Id. at 654, 424 S.E.2d at 690.
    Here, there can be little doubt that at the time defendant spoke to the victim over the phone, he was not in her actual presence. However, by using the telephone, defendant had virtually the same capability to hear and be heard by the victim as he would have had if he were in the same room with the victim. Because this same conduct would constitute the taking of indecent liberties if defendant were in the victim's actual presence, we conclude the use of this technology, albeit arguably less than modern, renders defendant constructively present under these circumstances.
    We conclude that where, as here, the use of electronic technology enables the defendant to effectively carry out conduct: (1) that would constitute the taking of an indecent liberty if done in the victim's actual presence; (2) to substantially the same degree that could have been achieved in the victim's actual presence, he may be deemed constructively present by the law for purposes of proving the taking of indecent liberties with a child. Accordingly, we hold that defendant's use of the telephone placed him in the victim's constructive presence at the time he took the indecent liberties.    Defendant's final contention is that the State failed to sufficiently establish that his actions were done for the purpose of arousing or gratifying a sexual desire. We disagree.
    “A defendant's purpose, being a mental attitude, is seldom provable by direct evidence and must ordinarily be proven by inference.” State v. Campbell, 51 N.C. App. 418, 421, 276 S.E.2d 726, 729 (1981). Indeed, whether “the action was for the purpose of arousing or gratifying sexual desire, may be inferred from the evidence of the defendant's actions.” State v. Rhodes, 321 N.C. 102, 105, 361 S.E.2d 578, 580 (1987). Based on the evidence presented at trial, we conclude a rational juror could properly infer that defendant's conduct was for the purpose of arousing or gratifying a sexual desire.
    Having concluded the State presented substantial evidence of each element of the charged offense, we hold the trial court properly denied defendant's motion to dismiss.

II.
    Defendant next argues that the trial court erred by admitting evidence of other misconduct pursuant to N.C.R. Evid. 404(b). Defendant contends the trial court abused its discretion by failing to exclude the evidence related to the 1999 incident involving N.G., pursuant to N.C.R. Evid. 403.
    Rule 404(b) of the North Carolina Rules of Evidence provides in pertinent part:
    Evidence of other crimes, wrongs, or acts is not admissible to prove the character of a person in order to show that he acted in conformity therewith. It may, however, be admissible for other purposes, such as proofof motive, opportunity, intent, preparation, plan, knowledge, identity, or absence of mistake, entrapment or accident.

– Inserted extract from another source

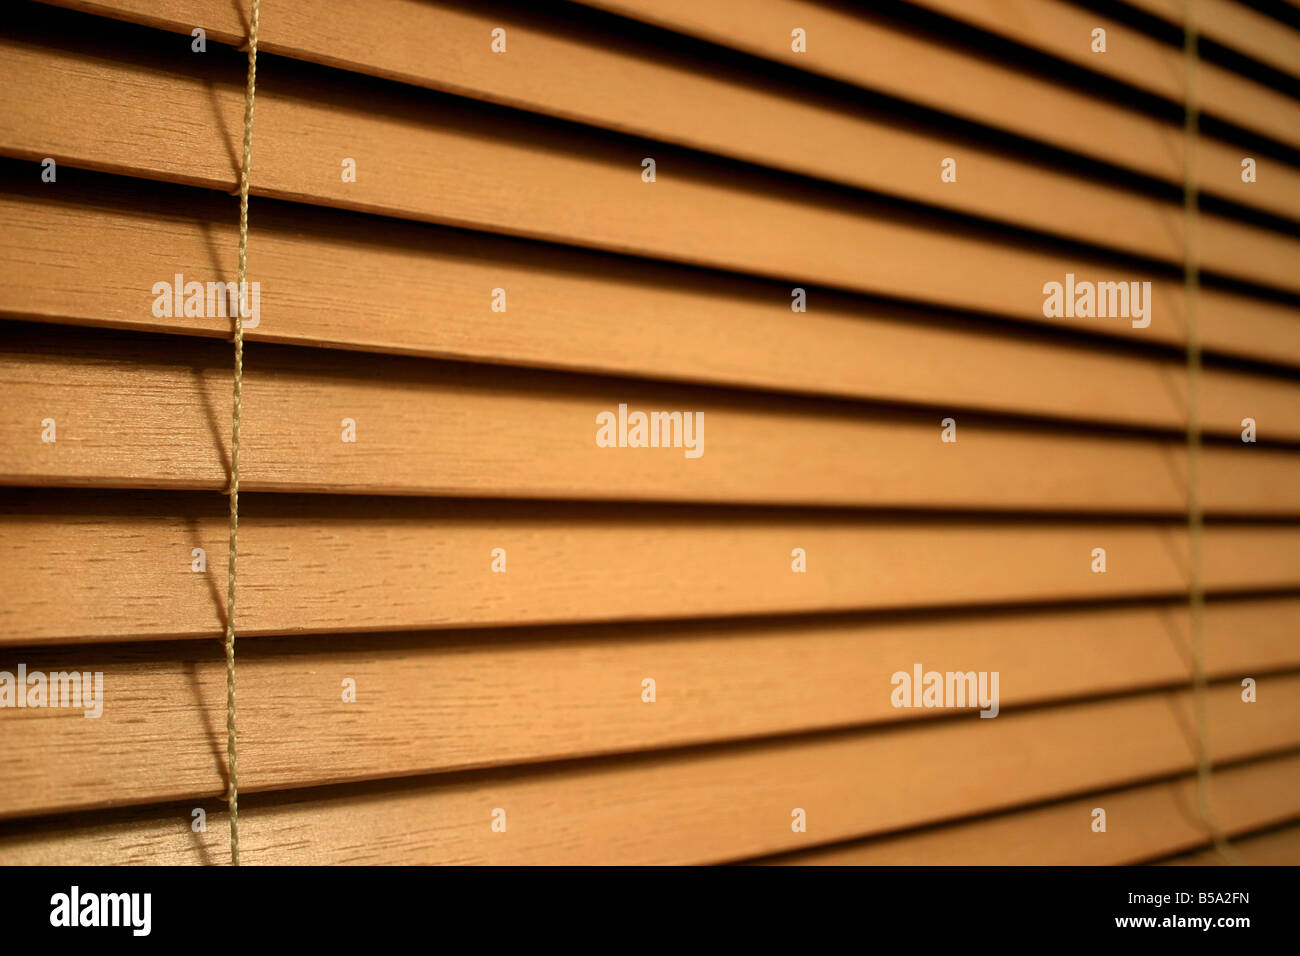 Nahaufnahme Detail der Holzlatte Vorhänge Stockbild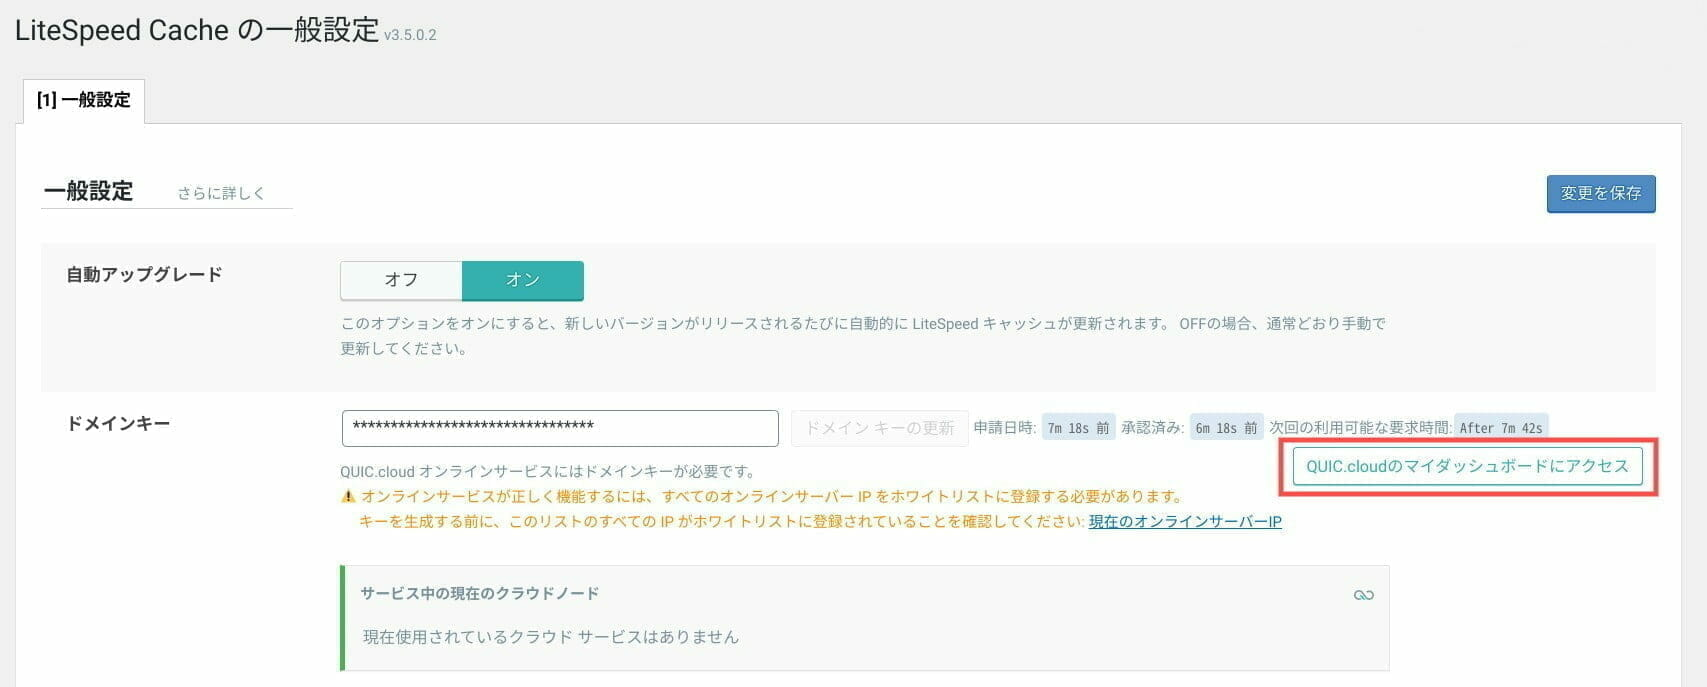 LiteSpeed Cache の一般設定:QUIC.cloud に接続

N.C. Gen. Stat. § 8C-1, Rule 404(b) (1995).
    North Carolina's appellate courts have been “markedly liberal in admitting evidence of similar sex offenses by a defendant for the purposes now enumerated in Rule 404(b) . . . .” State v. Cotton, 318 N.C. 663, 666, 351 S.E.2d 277, 279 (1987). The test for determining the admissibility of such evidence is whether the incidents are “sufficiently similar and not so remote in time as to be more probative than prejudicial under the balancing test of N.C.G.S. § 8C-1, Rule 403.” State v. Frazier, 344 N.C. 611, 615, 476 S.E.2d 297, 299 (1996). The exclusion of evidence under Rule 403 is a matter “within the sound discretion of the trial court, whose ruling will be reversed on appeal only when it is shown that the ruling was so arbitrary that it could not have resulted from a reasoned decision.” State v. Bidgood, 144 N.C. App. 267, 272, 550 S.E.2d 198, 202, cert. denied, 354 N.C. 222, 554 S.E.2d 647 (2001).
    Here, the State proffered the evidence for the purposes of establishing modus operandi, common plan or scheme and the absence of mistake. The evidence tended to show that defendant followed a similar pattern of communications in order to persuade or coerce adolescent female karate students into engaging in inappropriate sexual conduct with him. In each case, defendant praised his victims' classroom performance and told them they were his “favorite” student. Defendant broached the subject of inappropriate physical contact by first suggesting that he and the victims kiss.Defendant further suggested that the victims permit him to fondle their breasts. Finally, not only did defendant express a desire to engage in a surreptitious sexual relationship with both victims, he also approached both victims during off-site karate events for the apparent purpose of facilitating sexual encounters.
    Following voir dire of the witnesses and arguments from both counsel, the trial court concluded that the State had only “met its burden with respect to the similar plan exception,” based on the “similarity to the manner of approach.” The trial court issued appropriate limiting instructions both before any corroborating testimony was received and again in its charge to the jury. Finally, defendant interposed a total of eight Rule 403 objections during the testimony in question, all of which were sustained by the trial court. On this record, we cannot say as a matter of law that the trial court's decision could not have been the result of a reasoned decision. Accordingly, we conclude the trial court did not abuse its discretion.
    Defendant further states that evidence of subsequent conduct “cannot constitute . . . evidence of a 'plan'” with respect to the charged offense. However, defendant fails to support this assertion with either citation to legal authority or legal argument. Accordingly, this contention is deemed abandoned. State v. Stitt, 147 N.C. App. 77, 84, 553 S.E.2d 703, 708 (2001); N.C.R. App. P. 28(b)(5).
III.
    Defendant next argues the trial court erred by denying his request for special jury instructions and by giving an erroneous supplemental instruction. We disagree and find no prejudicial error.
    At the charge conference, defendant submitted two written requests for special instructions. Defendant's first proposed instruction states in pertinent part:
        The defendant is charged with a violation of G.S. 14-202.1, i.e., Taking Indecent Liberties With Children.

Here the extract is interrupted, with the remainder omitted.